We will utilize Microsoft’s open-sourced Phi-2, a Small Language Model (SLM) with 2.7 billion parameters. This model demonstrates excellent reasoning and language comprehension capabilities.

Loading Phi-2 using 4-bit quantization from HuggingFace:

model_name = 'microsoft/phi-2'

device_map = {"" : 0}

original_model = AutoModelForCausalLM.from_pretrained(model_name,

device_map=device_map,

quantization_config=bnb_config,

trust_remote_code=True,

use_auth_token=True)

The model is now loaded in 4-bit format using the BitsAndBytesConfig from the bitsandbytes library, part of the QLoRA process.
Tokenization

Next, we will set up the tokenizer, ensuring left-padding to optimize memory during training.

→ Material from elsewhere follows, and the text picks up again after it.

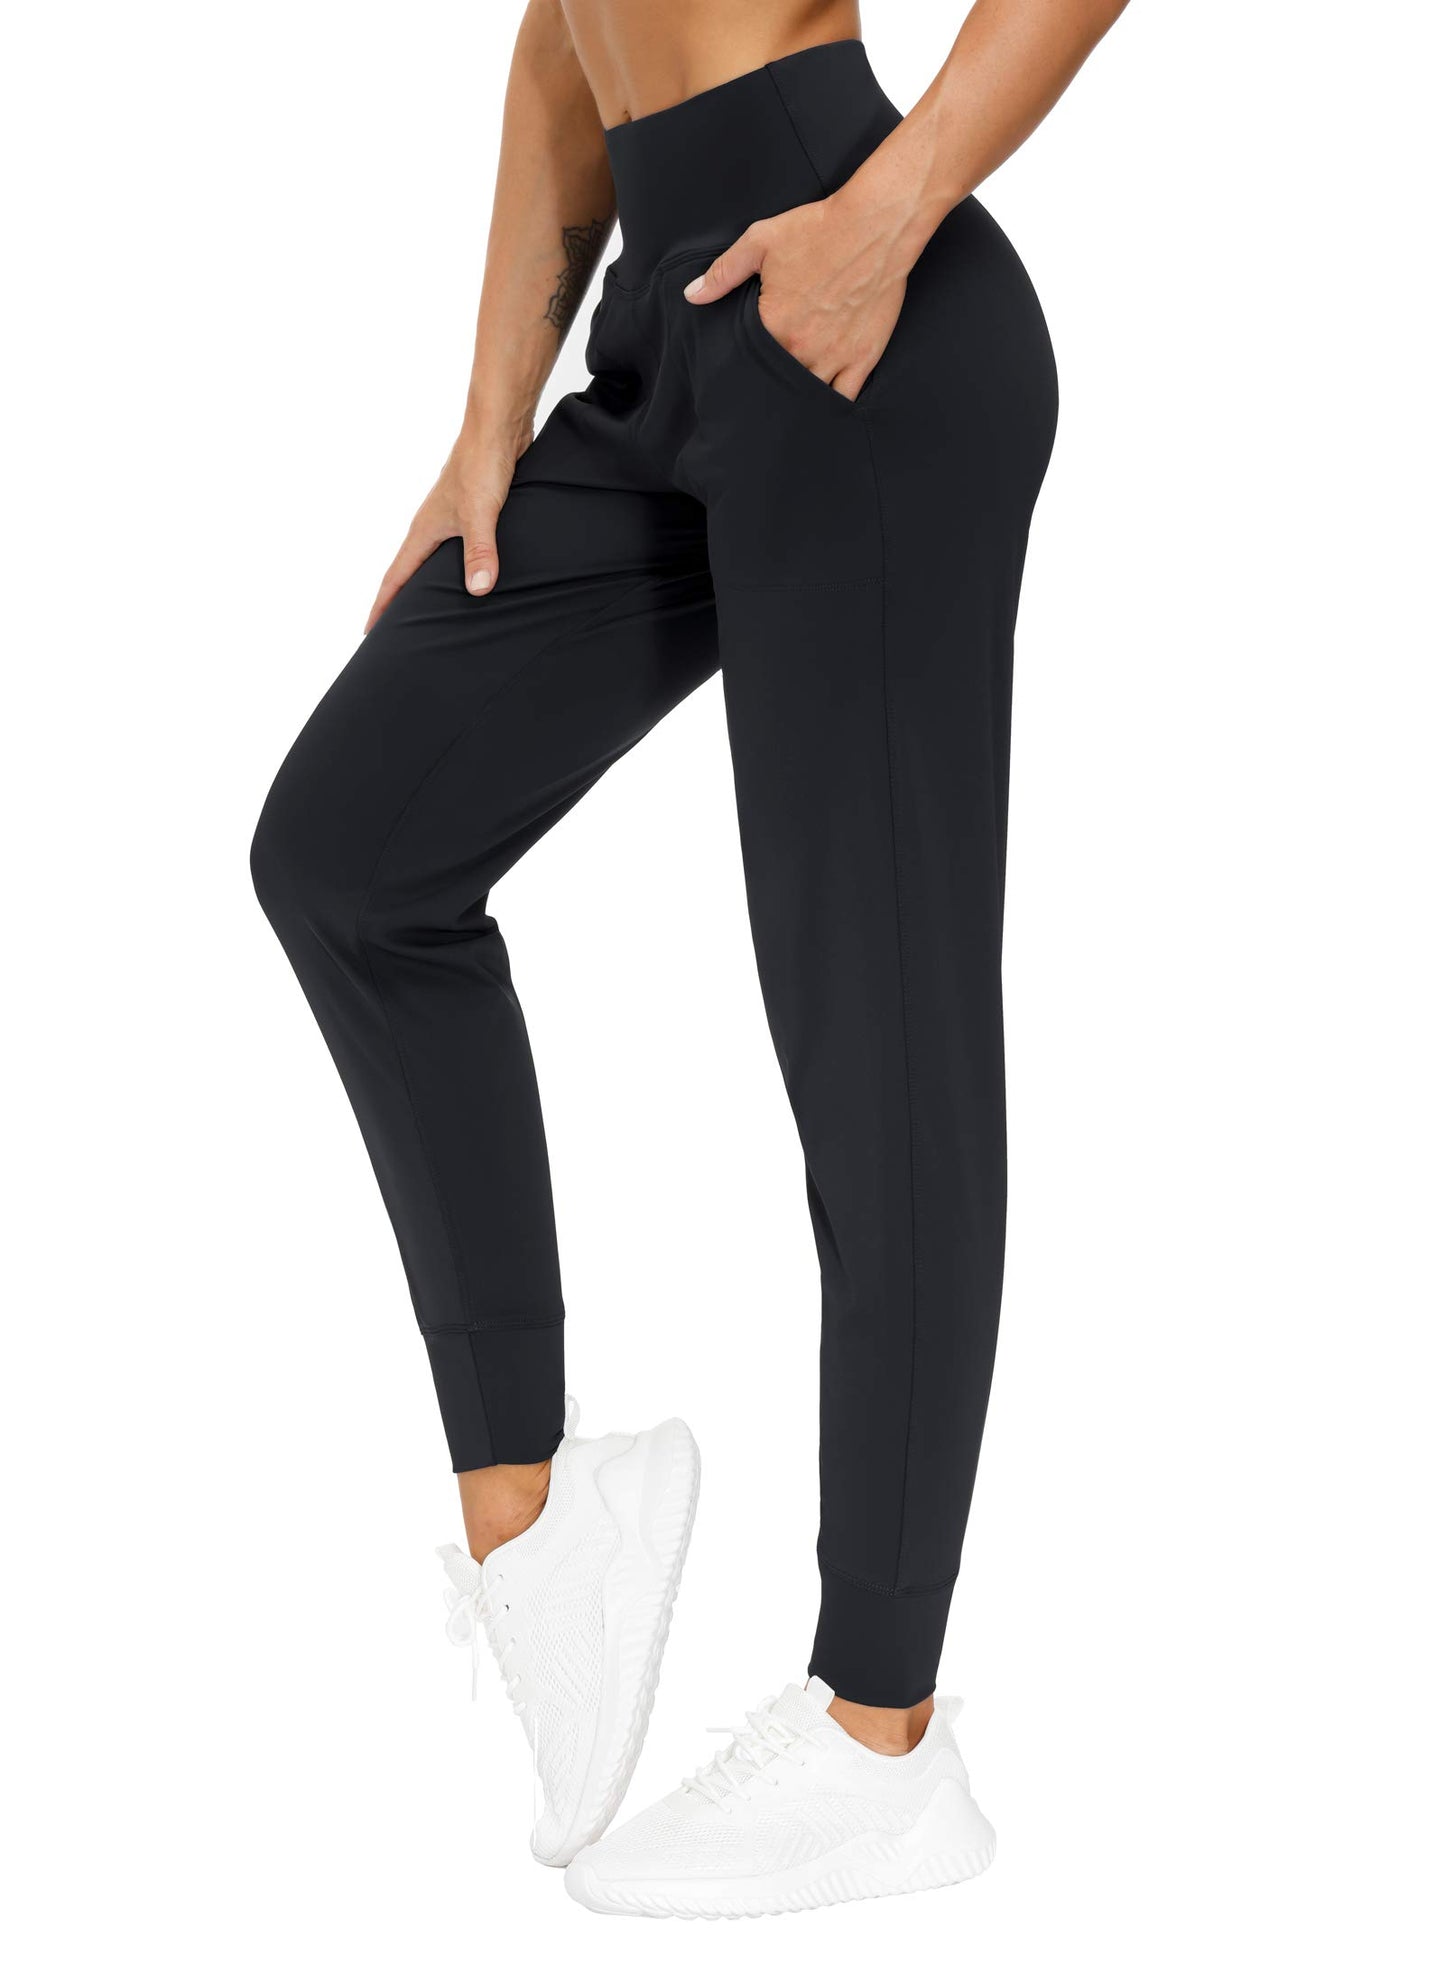 THE GYM PEOPLE Pantalones deportivos para mujer con bolsillos, leggings deportivos, pantalones cónicos para entrenamiento, yoga, correr, entrenamiento (mediano, negro)

tokenizer = AutoTokenizer.from_pretrained(model_name, trust_remote_code=True, padding_side="left", add_eos_token=True, add_bos_token=True, use_fast=False)

tokenizer.pad_token = tokenizer.eos_token
Testing the Model with Zero Shot Inferencing

We will evaluate the base model using sample inputs.

%%time

from transformers import set_seed

seed = 42

set_seed(seed)

index = 10

prompt = dataset['test'][index]['dialogue']

summary = dataset['test'][index]['summary']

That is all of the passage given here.